_Work to complete_
Among the entries below, copy only the span from the line containing "L'architettura-paesaggio di MoDus" through the line containing "L'hospice 'Alba chiara'". Do so exactly, and skip the pictures.

_Provided information_
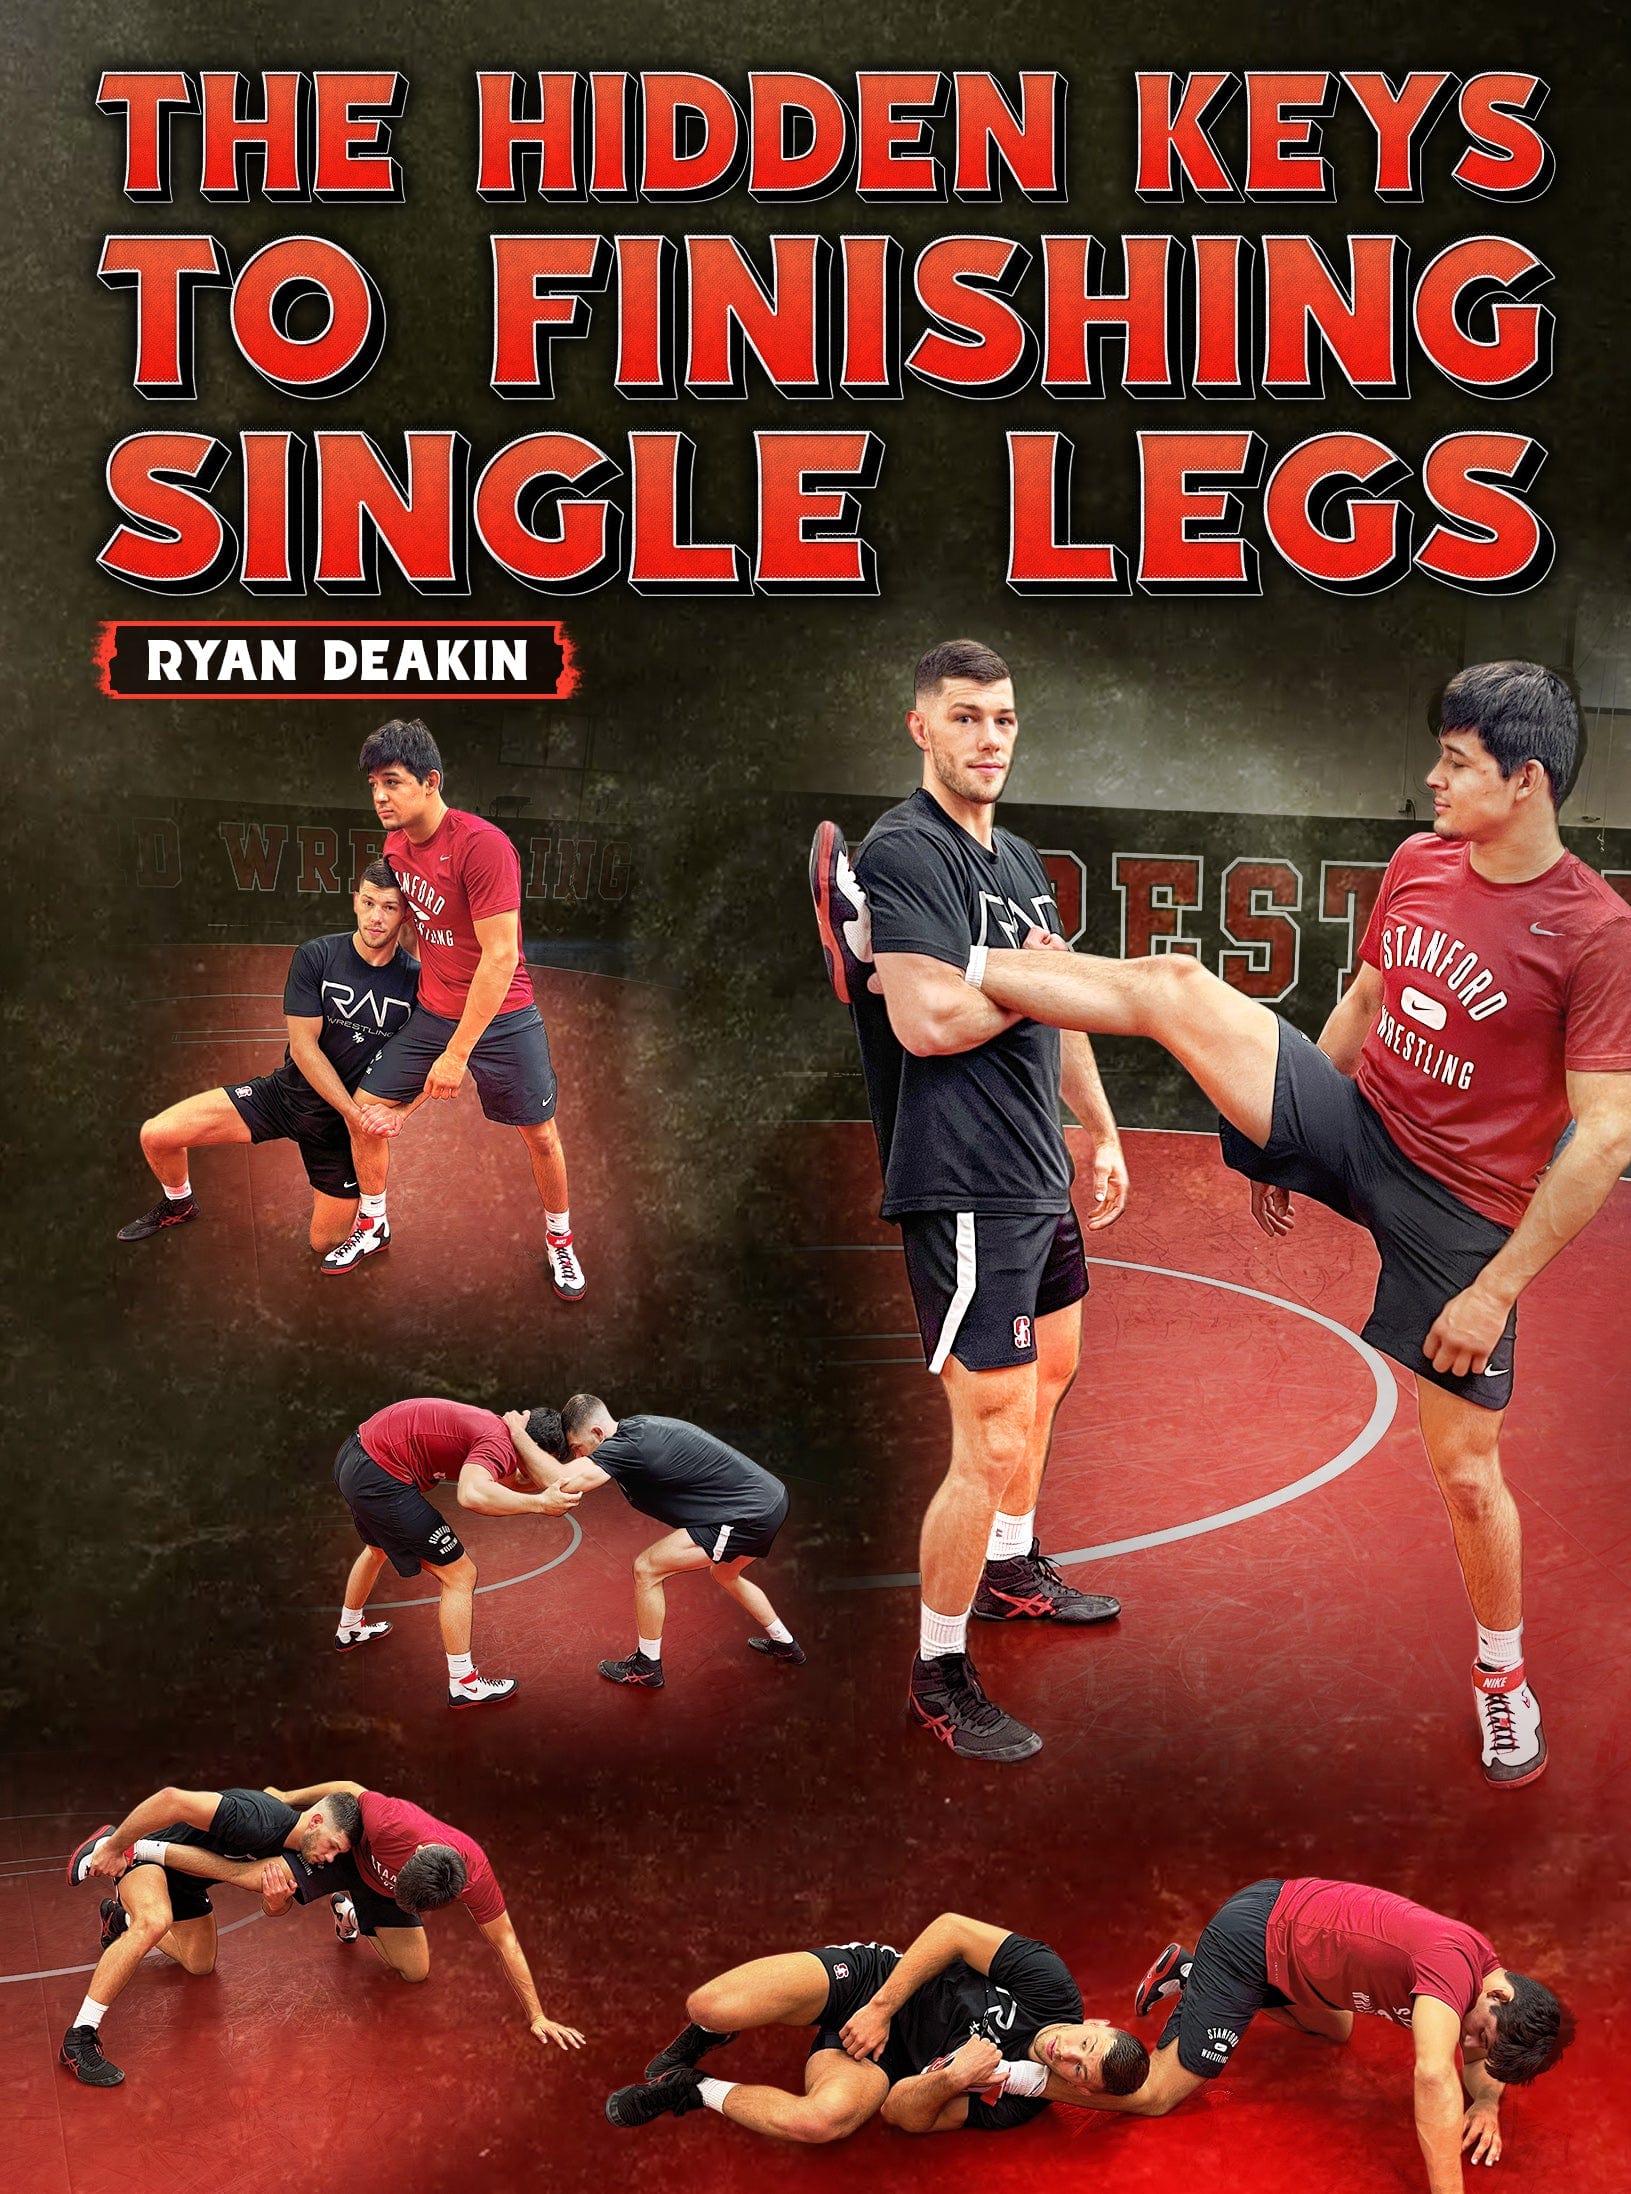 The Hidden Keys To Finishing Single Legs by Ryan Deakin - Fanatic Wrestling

---

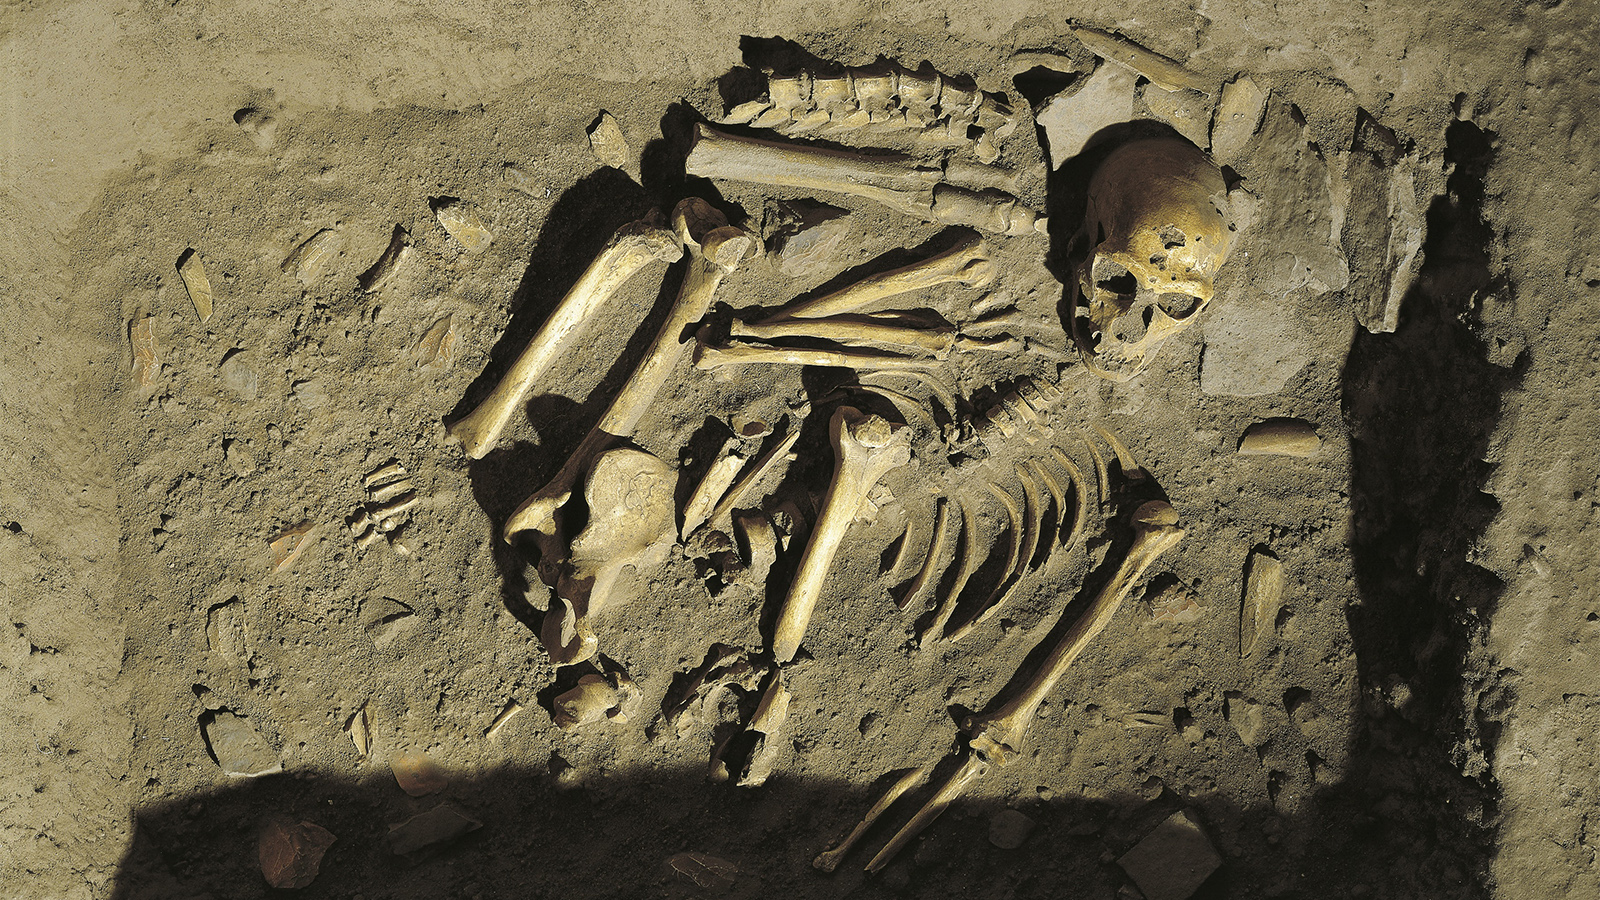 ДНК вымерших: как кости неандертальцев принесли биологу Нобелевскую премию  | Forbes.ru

---

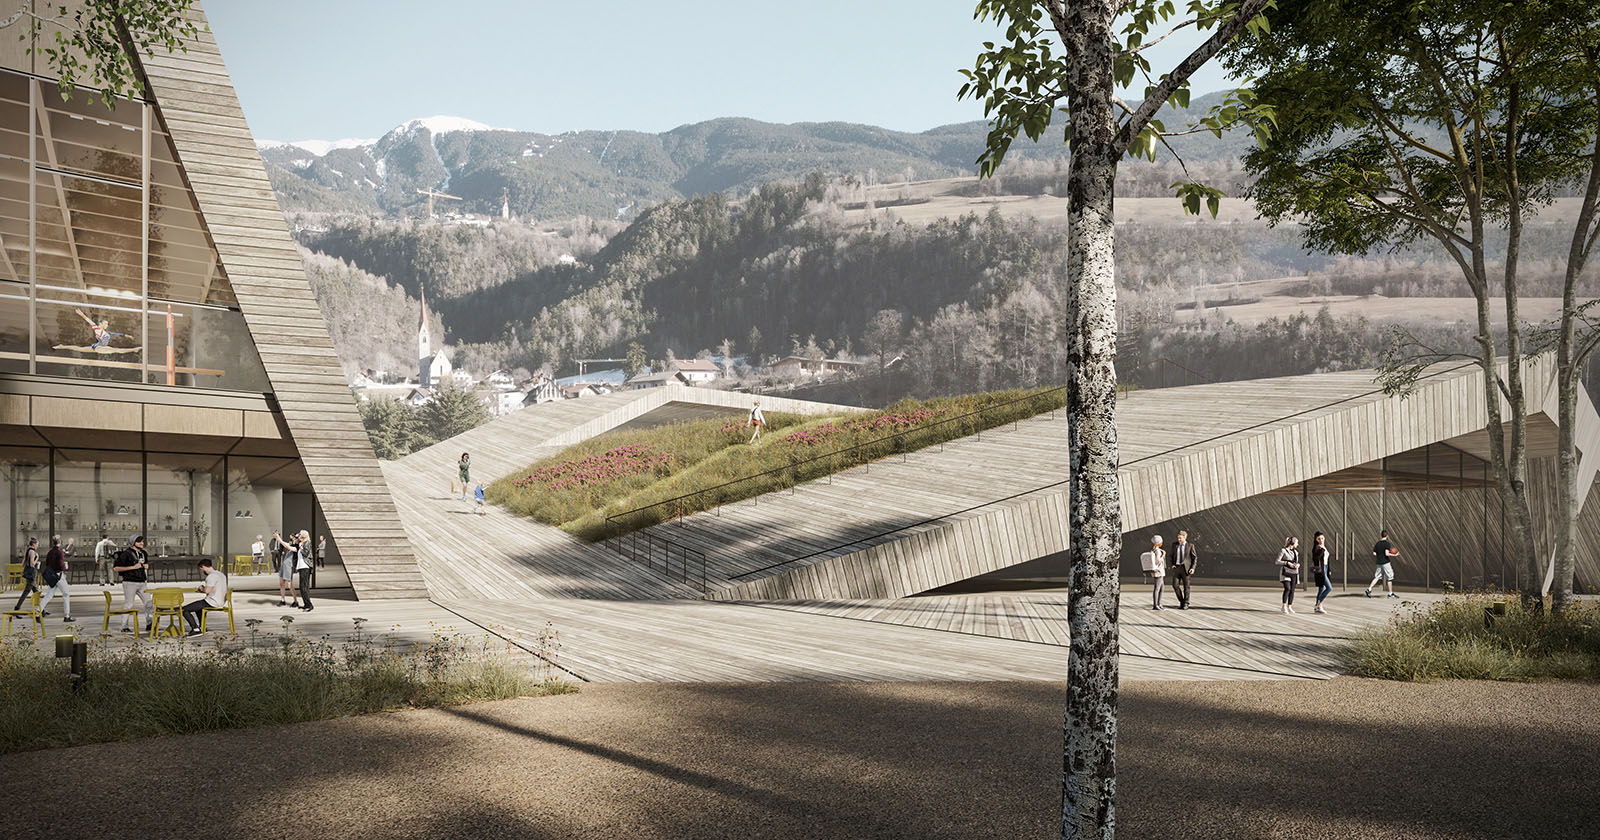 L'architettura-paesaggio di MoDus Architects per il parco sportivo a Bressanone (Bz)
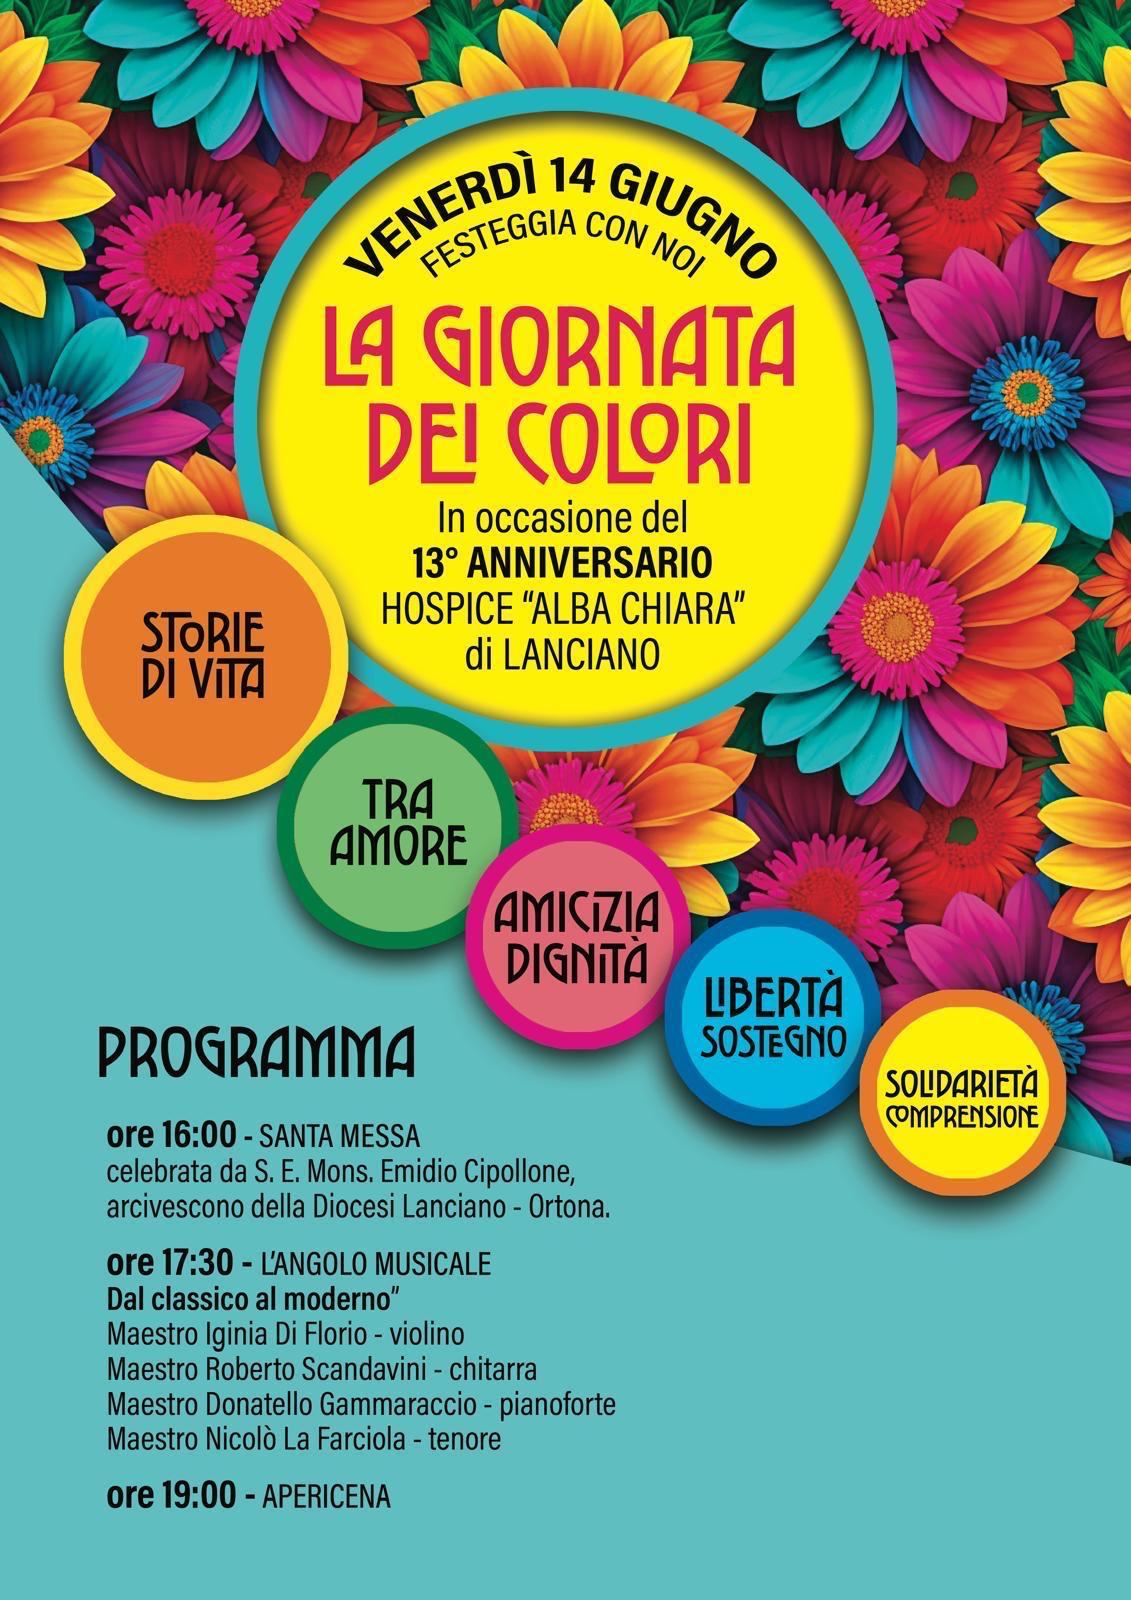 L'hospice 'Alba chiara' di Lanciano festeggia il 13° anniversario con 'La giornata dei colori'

_Result of this task_
 L'architettura-paesaggio di MoDus Architects per il parco sportivo a Bressanone (Bz)
 L'hospice 'Alba chiara' di Lanciano festeggia il 13° anniversario con 'La giornata dei colori'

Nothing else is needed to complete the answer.